Kurt Geebelen

Real-time control of a kite-model using an auto-generated nonlinear MPC algorithm

Abstract Airborne wind energy systems like power-generating kites promise to become a sustainable and safe alternative for todays fossil fuel based energy production. Controlling these systems is still a challenge due to the fast and highly nonlinear dynamics. A real-world prototype, which has been build at the K.U. Leuven, consists of a carousel which drives an airplane being attached at one of its arms. In the first part of this paper, we propose a nonlinear grey box model which is developed for controlling this kite carousel. In the second part, we present a code generation tool for nonlinear real-time MPC algorithms which exports plain C-code tailored to particular model dynamics. Numerical closed-loop simulations of the kite carousel show that auto-generated code allows to solve the resulting dynamic optimization problems within less than 900 microseconds.

Moving Horizon Estimation with a huber penalty function for robust pose estimation of tethered airplanes

This paper presents a Moving Horizon Estimator (MHE) for estimating the position and orientation (pose) of moving objects, in particular for tracking tethered airplanes for Airborne Wind Energy systems. In this application, absolute pose measurements are captured by a marker based stereo vision system. These measurements are fused with measurements of the angular velocity and linear acceleration from an Inertial Measurement Unit (IMU). In our MHE, the IMU measurements in the intervals between camera frames are modeled as samples of a superposition of orthonormal polynomial basis functions. This results in a MHE formulation that requires fewer optimization variables, enabling faster solution. In order to achieve robustness to marker detection errors, a formulation based on the Huber penalty is also presented. We show that our robust MHE formulation outperforms a MHE formulation using the ℓ2-norm and a traditional extended Kalman filter.

An experimental test set-up for launch/recovery of an Airborne Wind Energy (AWE) system

This paper describes an experimental set-up for AWE systems. A novel approach of launching a rigid wing tethered airplane, using a rotational start-up, is presented. A test set-up performing this rotational start-up has been designed and built at KU Leuven. A scale analysis of this novel approach is conducted and provisions are made to accommodate future modifications to the experimental set-up. A sensor suite consisting of a stereo vision system and an inertial measurement unit are used for sensor fusion with an extended kalman filter (EKF). This EKF estimates the position, velocity and orientation of the airplane. Numerical and experimental validation of the EKF are presented in this paper as well.

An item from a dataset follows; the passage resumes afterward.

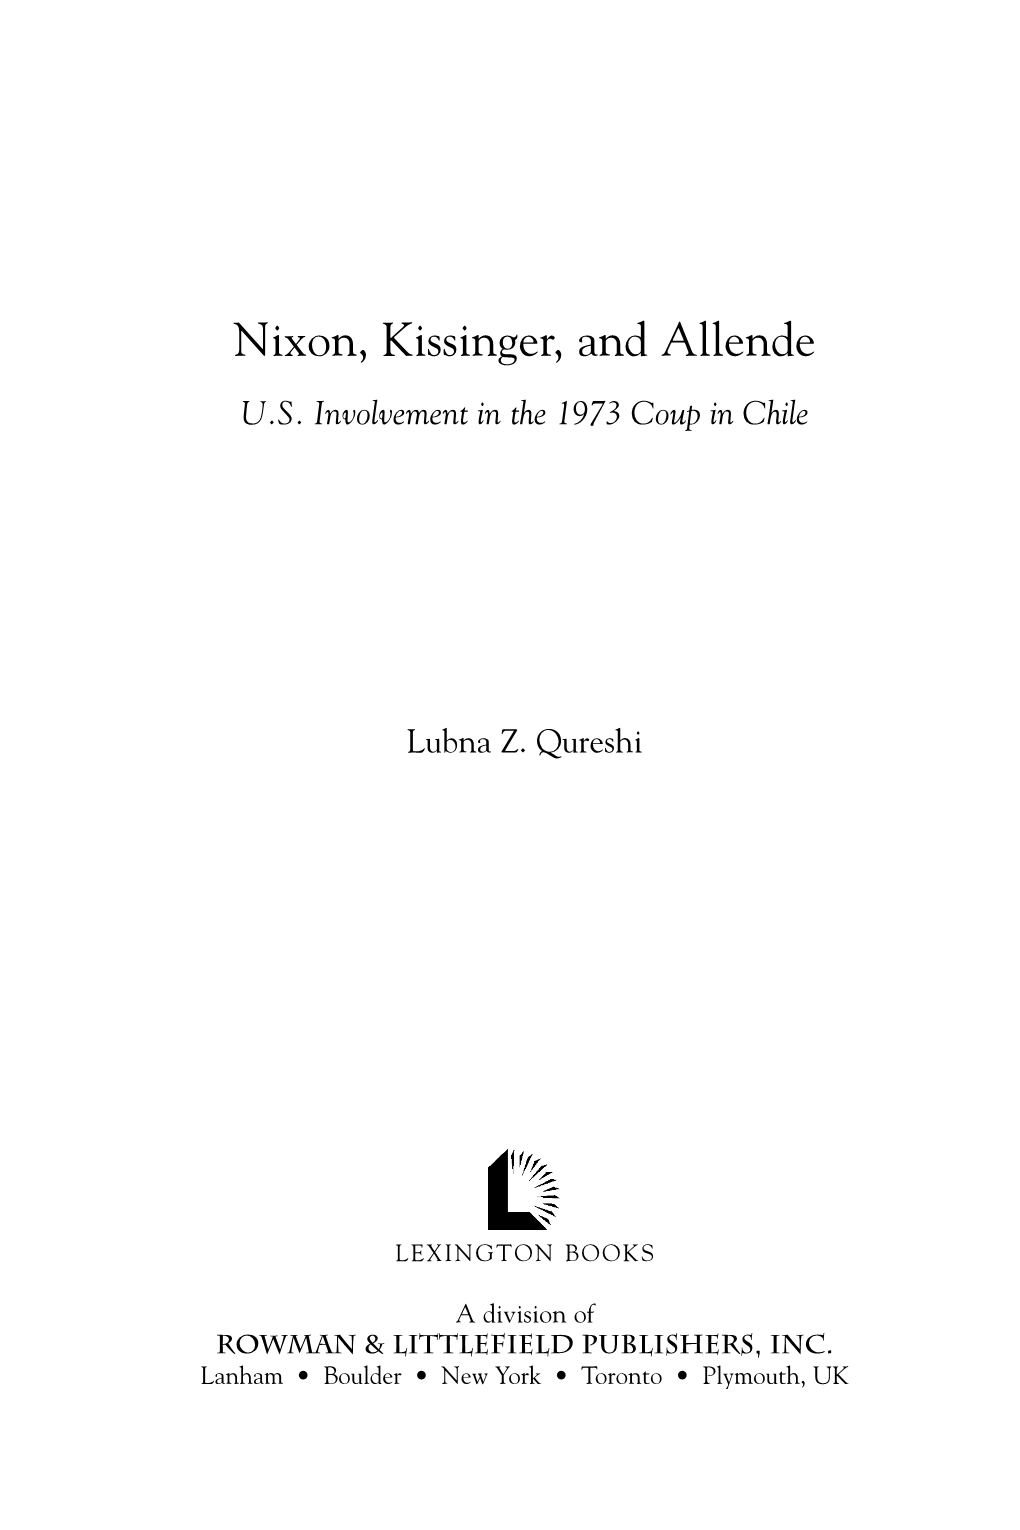 Nixon, Kissinger, and Allende U.S

An Experimental Test Setup for Advanced Estimation and Control of an AirborneWind Energy System

This chapter gives a detailed description of a test setup developed at KU Leuven for the launch and recovery of unpropelled tethered airplanes. The airplanes are launched by bringing them up to flying speed while attached by a tether to the end of a rotating arm. In the development of the setup, particular care was taken to allow experimental validation of advanced estimation and control techniques such as moving horizon estimation and model predictive control. A detailed overview of the hardware, sensors and software used on this setup is given in this chapter. The applied estimation and control techniques are outlined in this chapter as well, and an analysis of the closed loop performance is given.

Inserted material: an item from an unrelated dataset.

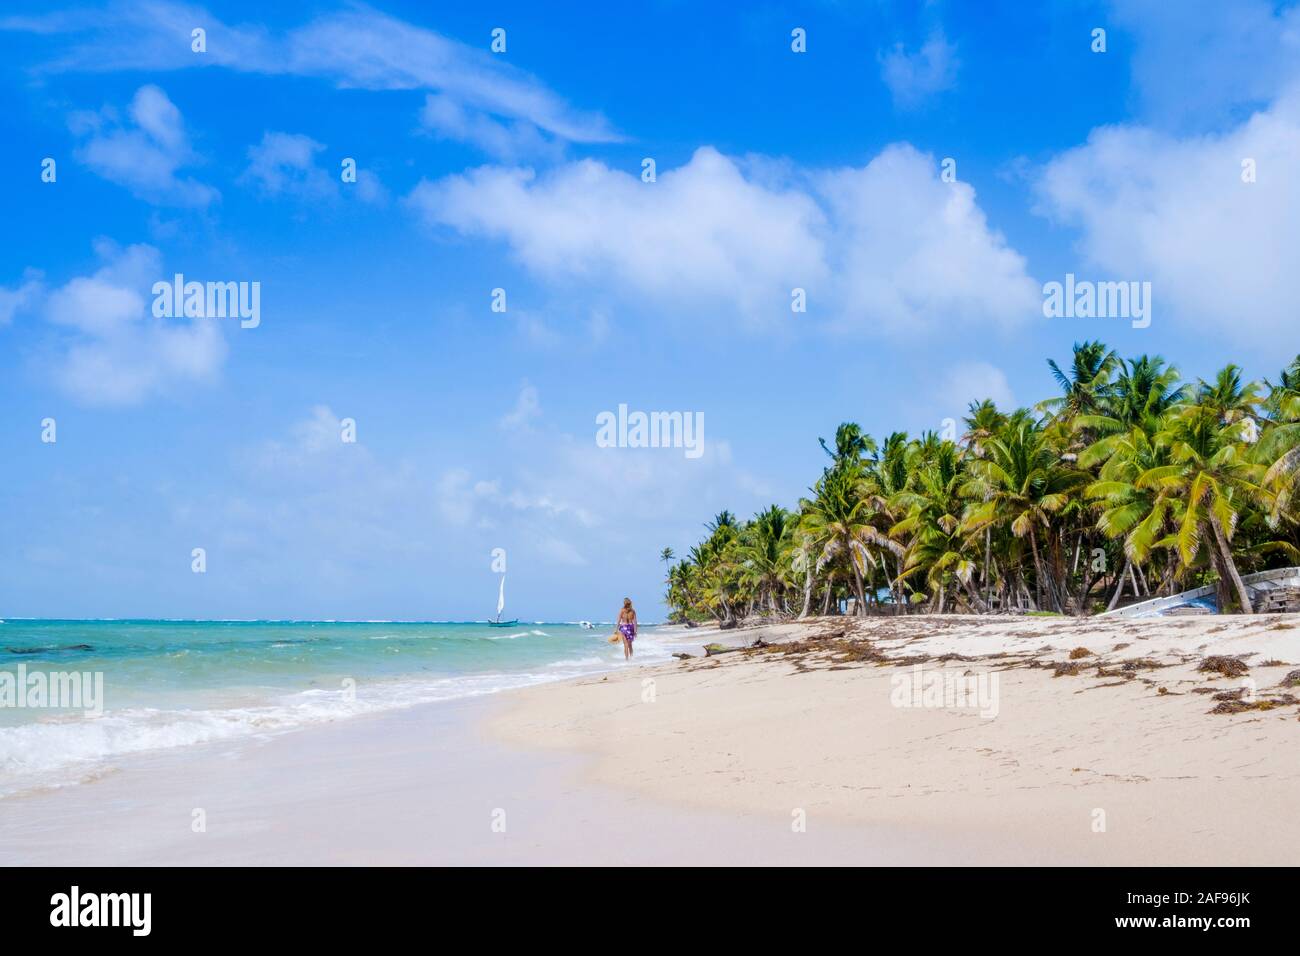 A woman walking along an idyllic tropical beach Stock Photo

Optimal periodic control of power harvesting tethered airplanes: How to fly fast without wind and without propellor?

This paper proposes reversed pumping as a strategy to keep tethered kites airborne in a wind-free condition without any on-board propulsion. In the context of kite power, it is shown to be a necessary addition to a rotational startup scheme. The enhanced scheme ultimately allows for injection into power harvesting orbits at high altitude, in case no wind is present near ground level. The need for reversed pumping is advocated with scaling laws, and is demonstrated in simulation by solving a proposed open-loop periodic optimal control problem. The obtained periodic orbits can be used as reference for feedback control.

In-flight Estimation of the Aerodynamic Roll Damping and Trim Angle for a Tethered Aircraft based on Multiple-shooting

Abstract The Airborne Wind Energy paradigm proposes to generate energy by flying a tethered aircraft across the wind flow. Accurate models for tethered flight are essential for the control and optimization of airborne wind energy systems. This paper proposes an estimation of the aerodynamic roll damping of a tethered aircraft based on Inertial Measurement Unit data only, gathered at a high aircraft angular velocity. The resulting system dynamics are nonlinear and the estimation problem is non-convex. Because the aircraft is subject to disturbances, the perturbations are estimated alongside the uncertain parameters. In order to handle the unstable aircraft dynamics, a discretization of the model equations based on multiple-shooting is proposed.